X is a design matrix of size m x p
X=[x^1,...,x^n]', where the x_i's are the rows of X
Y=[y^1,...,y^n] is a matrix of size m x n
It implements the algorithms FISTA, ISTA and subgradient descent.
- if loss='square' and regul is a regularization function for vectors,
the entries of Y are real-valued, W = [w^1,...,w^n] is a matrix of size p x n
For all column y of Y, it computes a column w of W such that
w = argmin 0.5||y- X w||_2^2 + lambda1 psi(w)
- if loss='square' and regul is a regularization function for matrices
the entries of Y are real-valued, W is a matrix of size p x n.
It computes the matrix W such that
W = argmin 0.5||Y- X W||_F^2 + lambda1 psi(W)

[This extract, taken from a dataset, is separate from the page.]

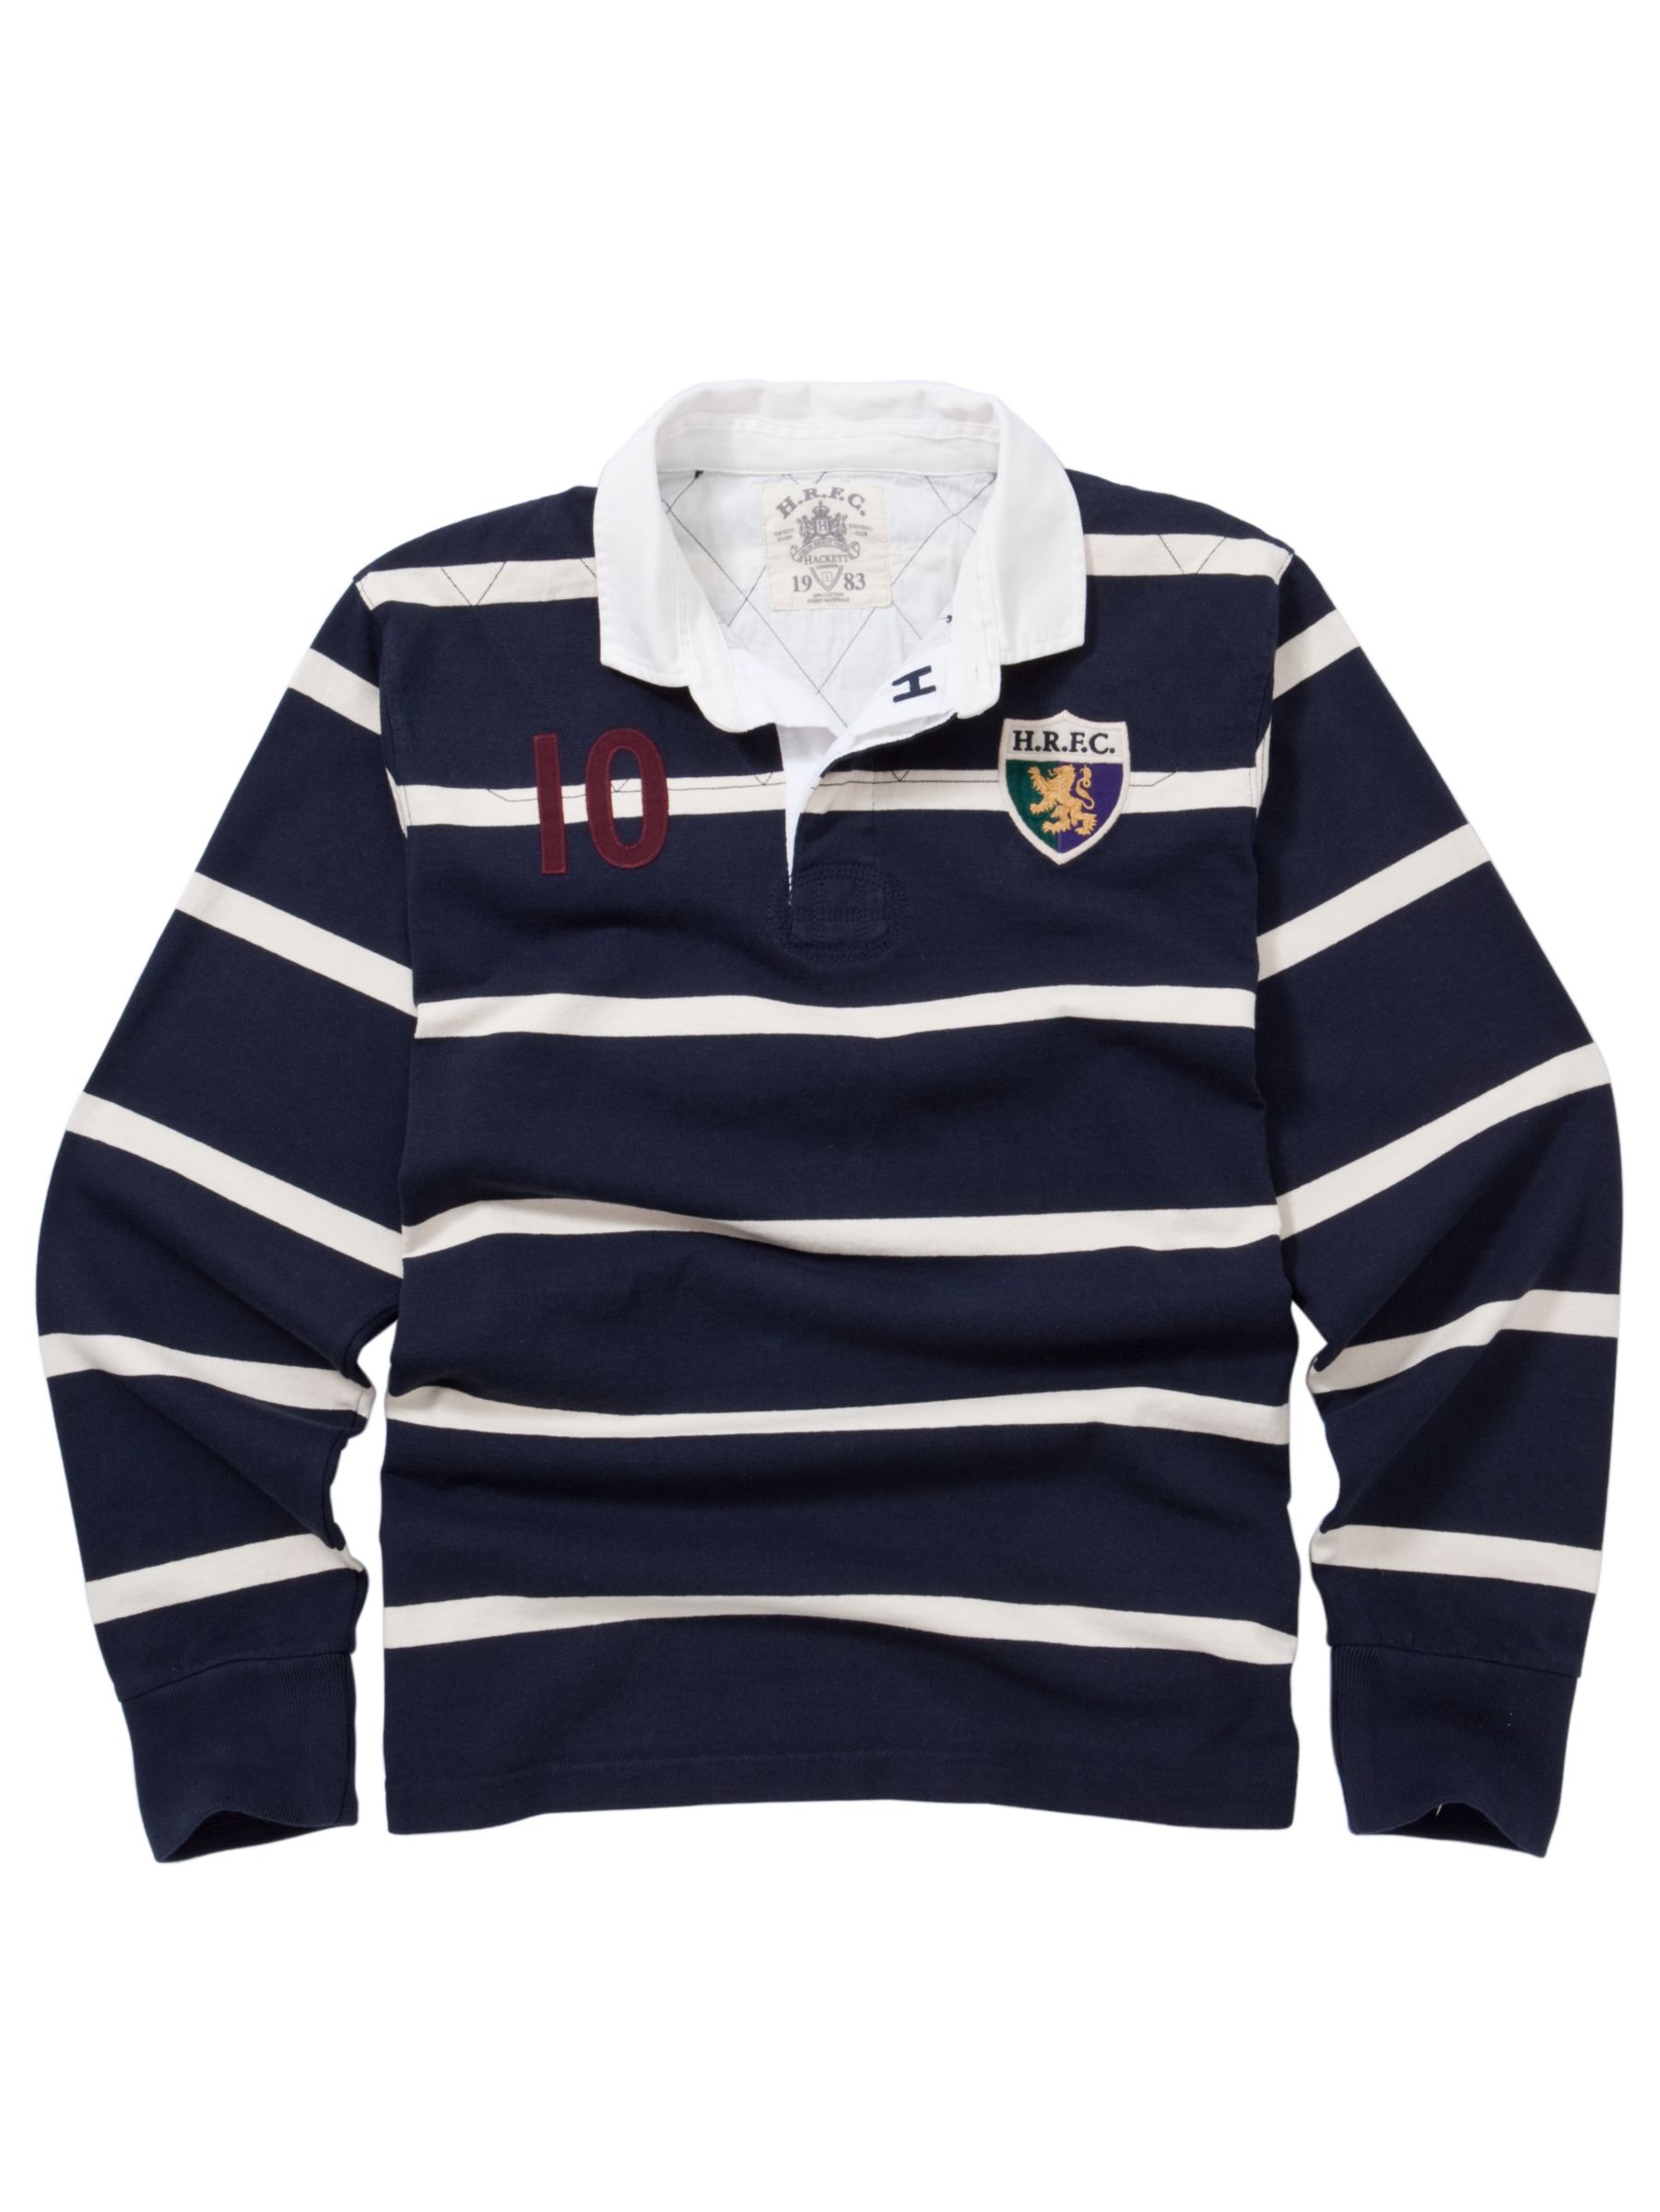 Hackett London Inch Stripe Rugby Shirt, Navy

- loss='square-missing' same as loss='square', but handles missing data
represented by NaN (not a number) in the matrix Y
- if loss='logistic' and regul is a regularization function for vectors,
the entries of Y are either -1 or +1, W = [w^1,...,w^n] is a matrix of size p x n
For all column y of Y, it computes a column w of W such that
w = argmin (1/m)sum_{j=1}^m log(1+e^(-y_j x^j' w)) + lambda1 psi(w),
where x^j is the j-th row of X.
- if loss='logistic' and regul is a regularization function for matrices
the entries of Y are either -1 or +1, W is a matrix of size p x n
W = argmin sum_{i=1}^n(1/m)sum_{j=1}^m log(1+e^(-y^i_j x^j' w^i)) + lambda1 psi(W)
- if loss='multi-logistic' and regul is a regularization function for vectors,
the entries of Y are in {0,1,...,N} where N is the total number of classes
W = [W^1,...,W^n] is a matrix of size p x Nn, each submatrix W^i is of size p x N
for all submatrix WW of W, and column y of Y, it computes
WW = argmin (1/m)sum_{j=1}^m log(sum_{j=1}^r e^(x^j'(ww^j-ww^{y_j}))) + lambda1 sum_{j=1}^N psi(ww^j),
where ww^j is the j-th column of WW.
- if loss='multi-logistic' and regul is a regularization function for matrices,
the entries of Y are in {0,1,...,N} where N is the total number of classes
W is a matrix of size p x N, it computes
W = argmin (1/m)sum_{j=1}^m log(sum_{j=1}^r e^(x^j'(w^j-w^{y_j}))) + lambda1 psi(W)
where ww^j is the j-th column of WW.